6. A phoneme spoken by a user by parsing a speech signal to one or more phonemes, recognizing one or more phonemes from a predetermined set of phonemes, assigning a symbol code to each one or more phonemes. A bit of a speech signal comprising the steps of forming a difference signal between a waveform and a corresponding phoneme waveform from a set of standard waveforms and forming a bitstream based on the difference signal and the symbol code of each one or more phonemes. Stream encoding method.

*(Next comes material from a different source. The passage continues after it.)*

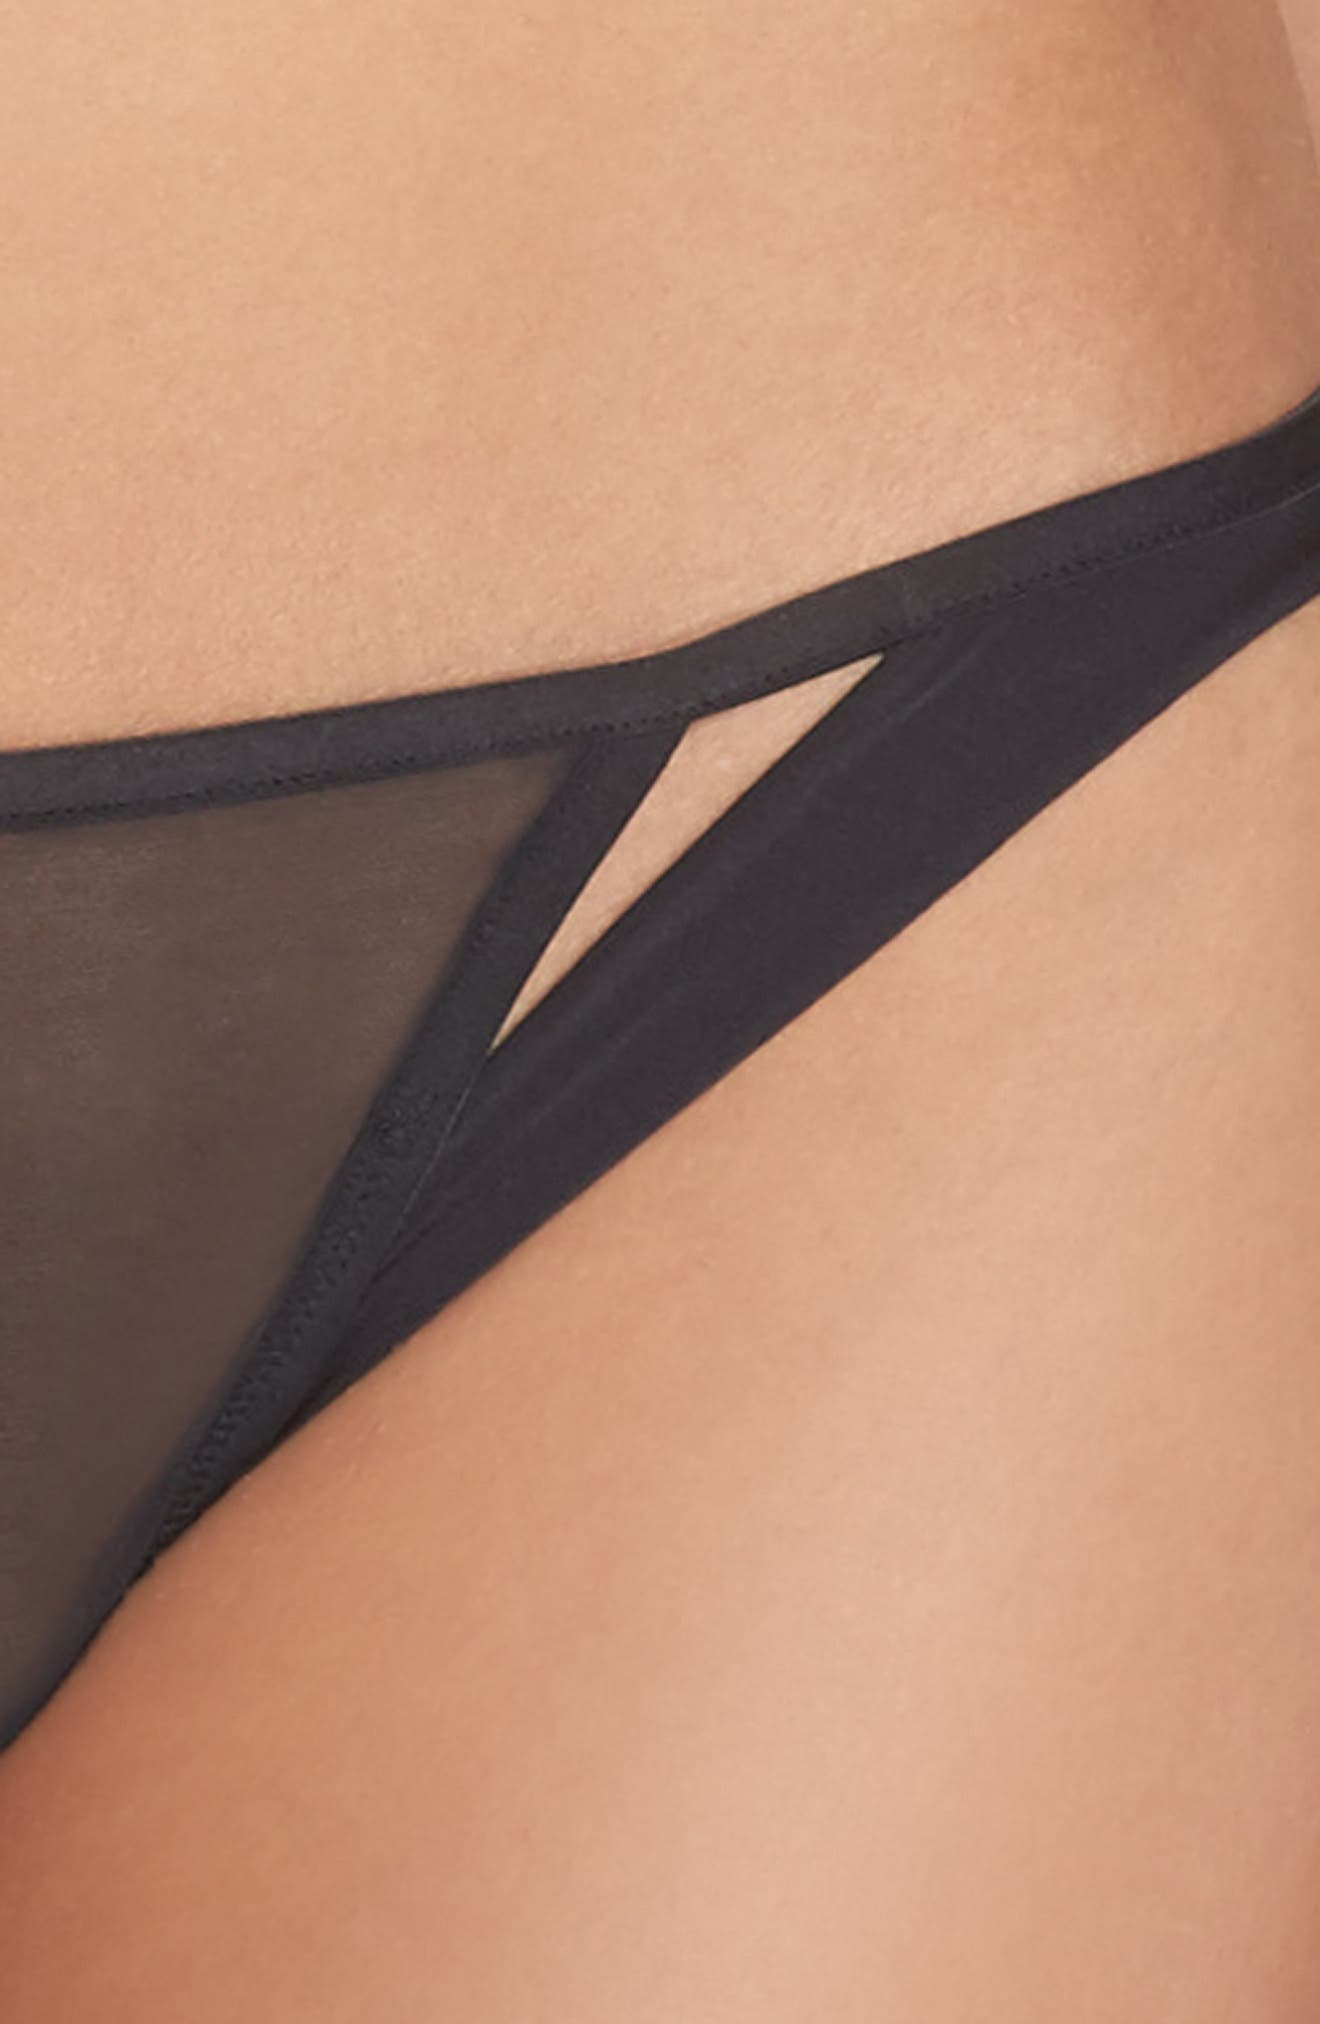 Lace Thong,                             Alternate thumbnail 4, color,                             001

7. The method of claim 6, further comprising the step of storing a standard waveform representation of each phoneme from the predetermined set of phonemes.

8. The method of claim 6 further including the step of storing an indication of the difference signal.

9. The method of claim 8 wherein the step of forming a bitstream includes the step of multiplexing the representation of the difference signal and the symbol code.

10. The method of claim 9, further comprising the step of variable length encoding the symbol code.